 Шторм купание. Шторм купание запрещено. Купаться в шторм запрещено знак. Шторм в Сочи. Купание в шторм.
---
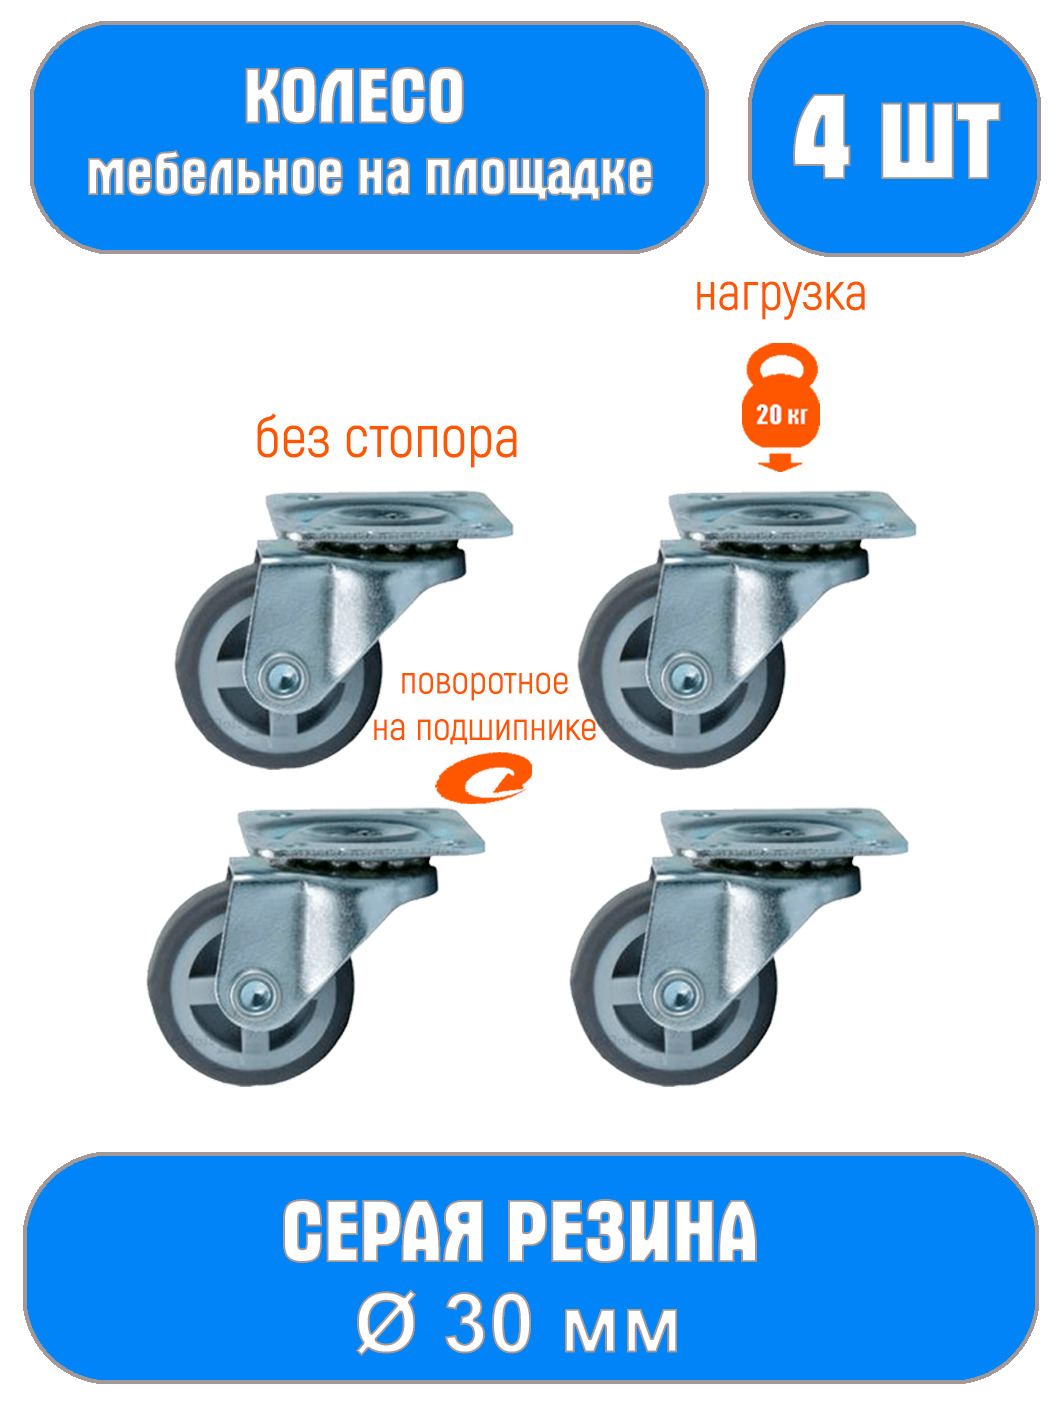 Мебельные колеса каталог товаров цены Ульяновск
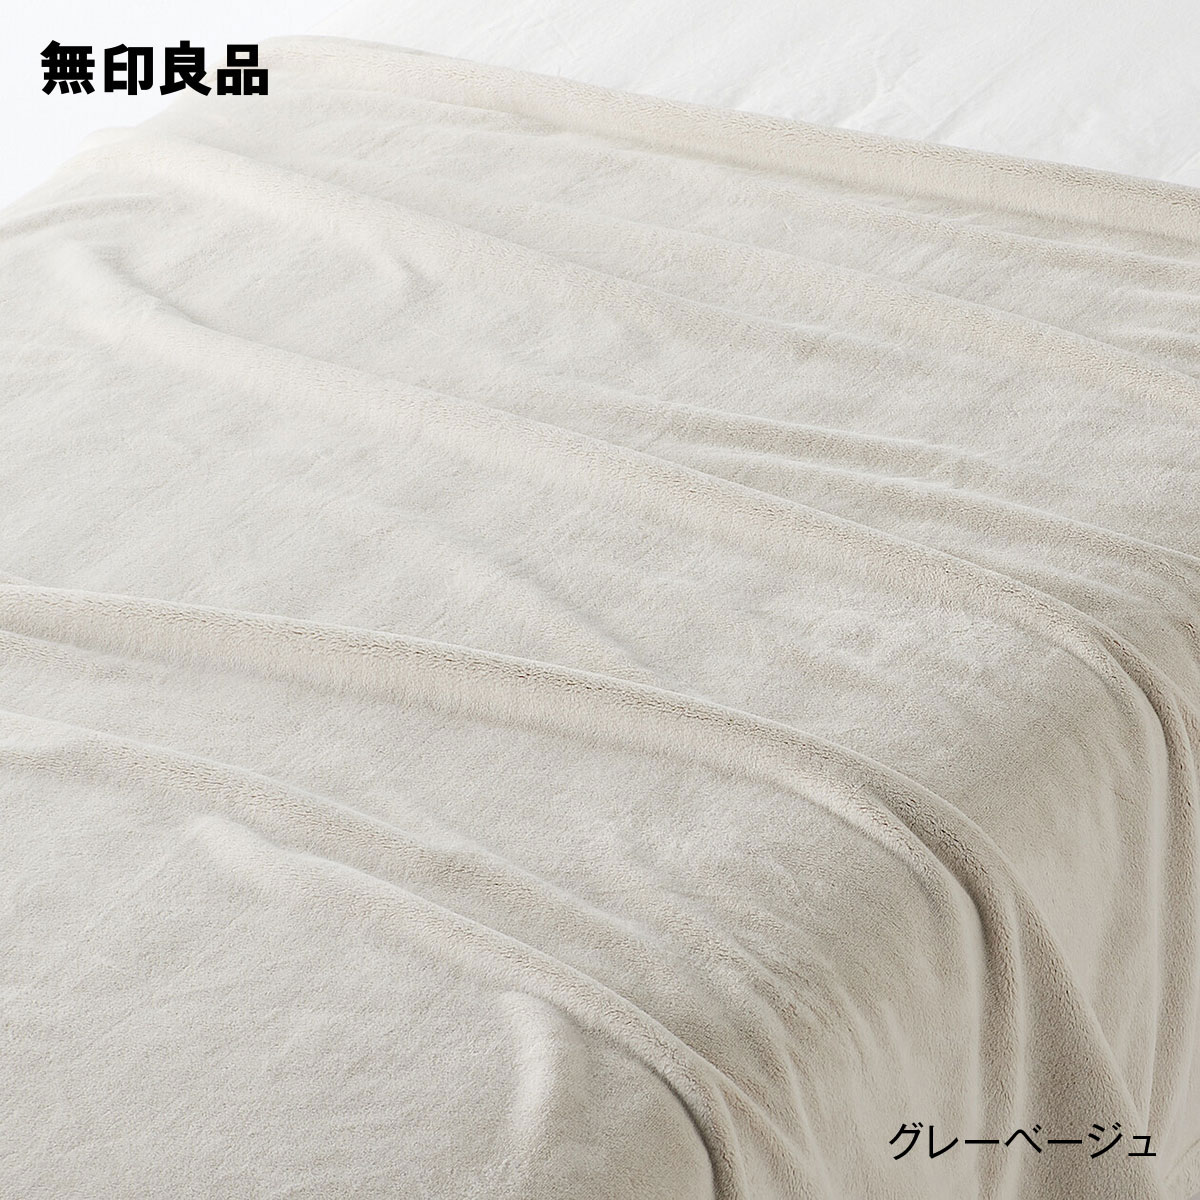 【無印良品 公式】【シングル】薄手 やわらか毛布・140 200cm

Problem: Only one stretch of the listing is wanted: the lines starting at the one with "Мебельные колеса каталог" and ending at the one with "公式】【シングル】薄手 やわらか毛布・140 200cm", copied exactly and free of pictures.

Solution for this problem:
 Мебельные колеса каталог товаров цены Ульяновск
 【無印良品 公式】【シングル】薄手 やわらか毛布・140 200cm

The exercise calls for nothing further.